「メディア芸術クリエイター育成支援事業」は、文化庁メディア芸術祭において受賞作品や審査委員会推薦作品に選ばれた若手クリエイターの創作活動をサポートするプロジェクトです。選出された6企画に関して、11月に行われた進捗報告会をレポートします。
現在、各クリエイターは、2月22日(水)から3月4日(日)まで開催される文化庁メディア芸術祭会期中の成果発表を目指して、制作に取り組んでいます。
発表まで約3カ月となり、スケジュールに焦りを覚えるクリエイターもいるなかで、津島さんの『Phenom of Tranquility』は、ほぼ完成の状況まで制作が進み、11月9日から19日の10日間、個展『凪の静寂に』で展示されていました。そのため、原田大三郎委員のへの進捗報告は、実際の展示を見ながら行われました。

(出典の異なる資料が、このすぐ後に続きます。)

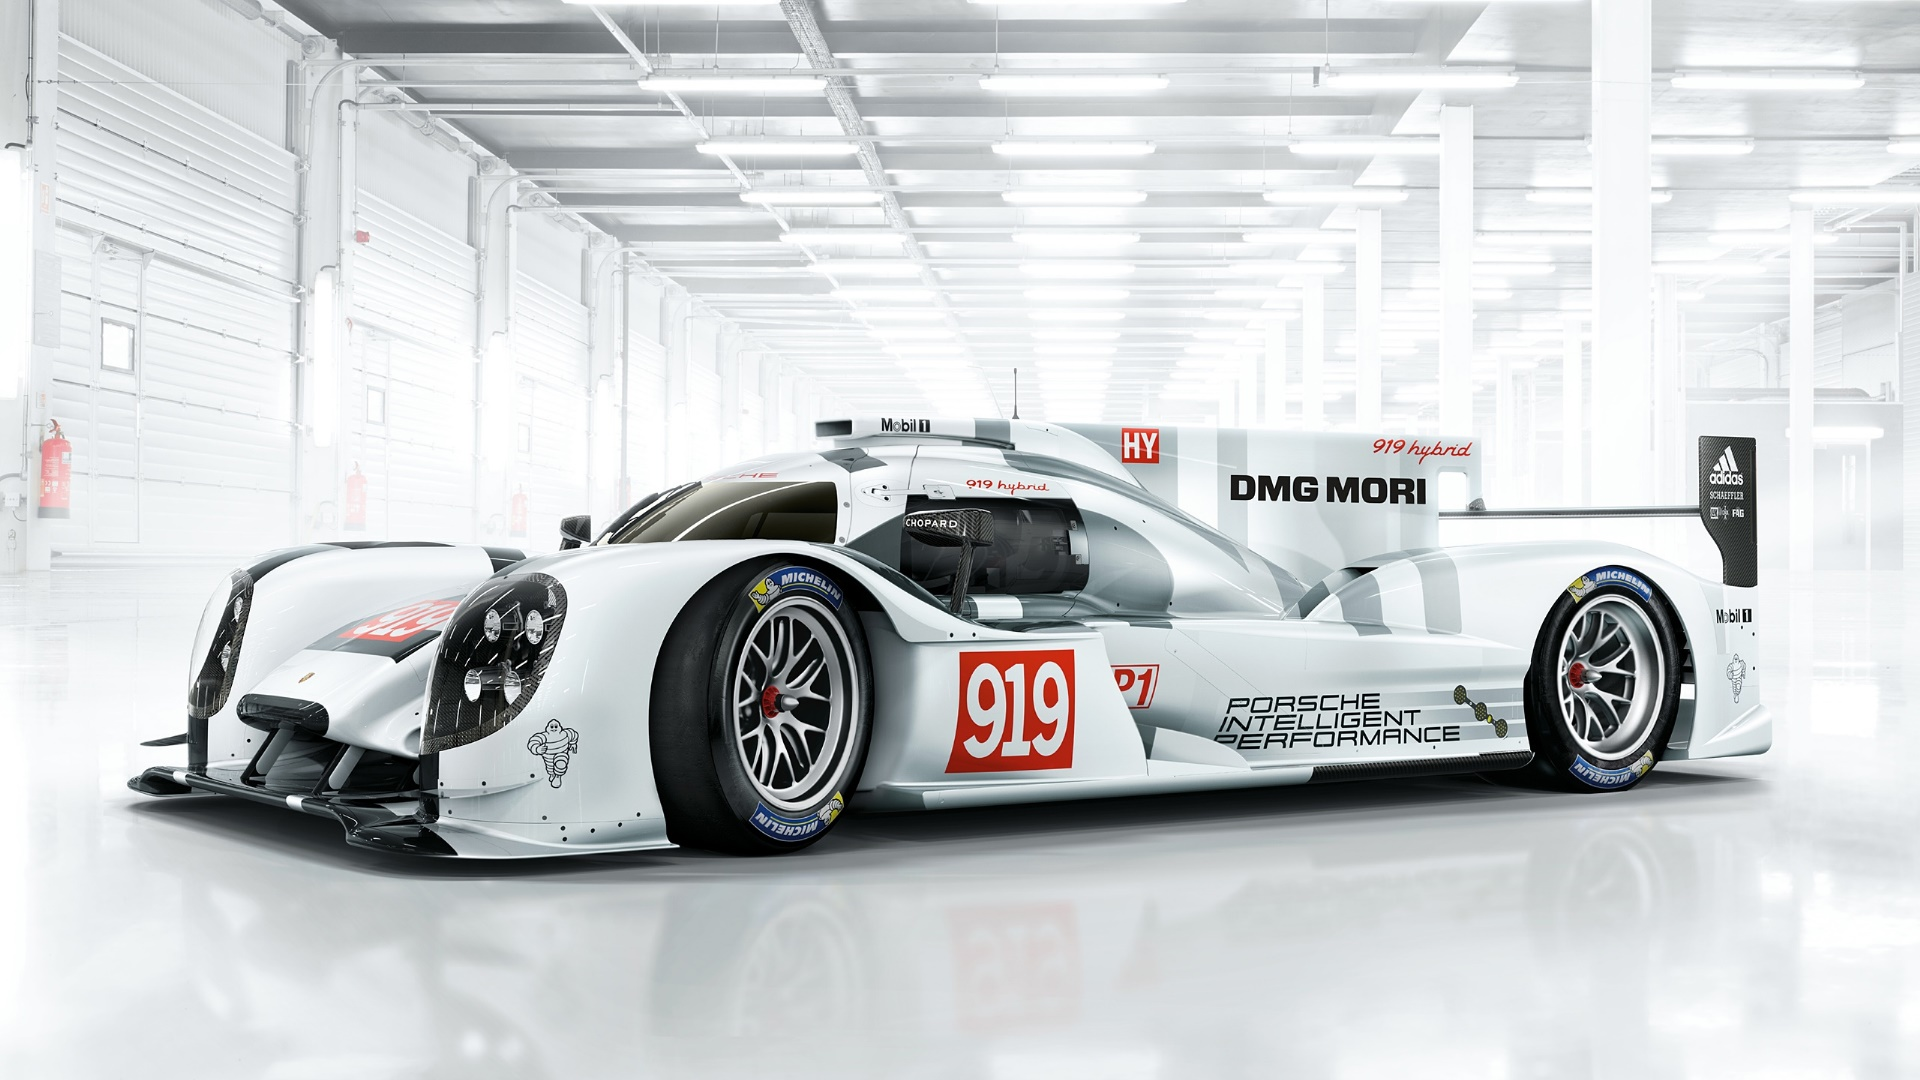 2014 Porsche 919 Hybrid wallpaper

展示は、3つの要素で構成されています。正面には、曲面スクリーンに映されるインスタレーション映像、左側にはフラットディスプレイに映し出されるインタビュー映像。そして、右側には3枚の写真パネルです。展示スペースに合わせて制作された曲面スクリーンには、オランダの風車群などの景色と日本の浜岡原発の景色が左右に対比するように映し出されています。上映されている風景は、津島さんが実際に浜岡、およびオランダで撮影し、編集したものです。インタビュー映像には、風を動力に、まるで生物のように動く立体彫刻作品で知られるオランダのアーティスト、テオ・ヤンセンが登場。インタビューに応じたコメントに、今回の津島さんがつくった作品のコンセプトが込められているということでした。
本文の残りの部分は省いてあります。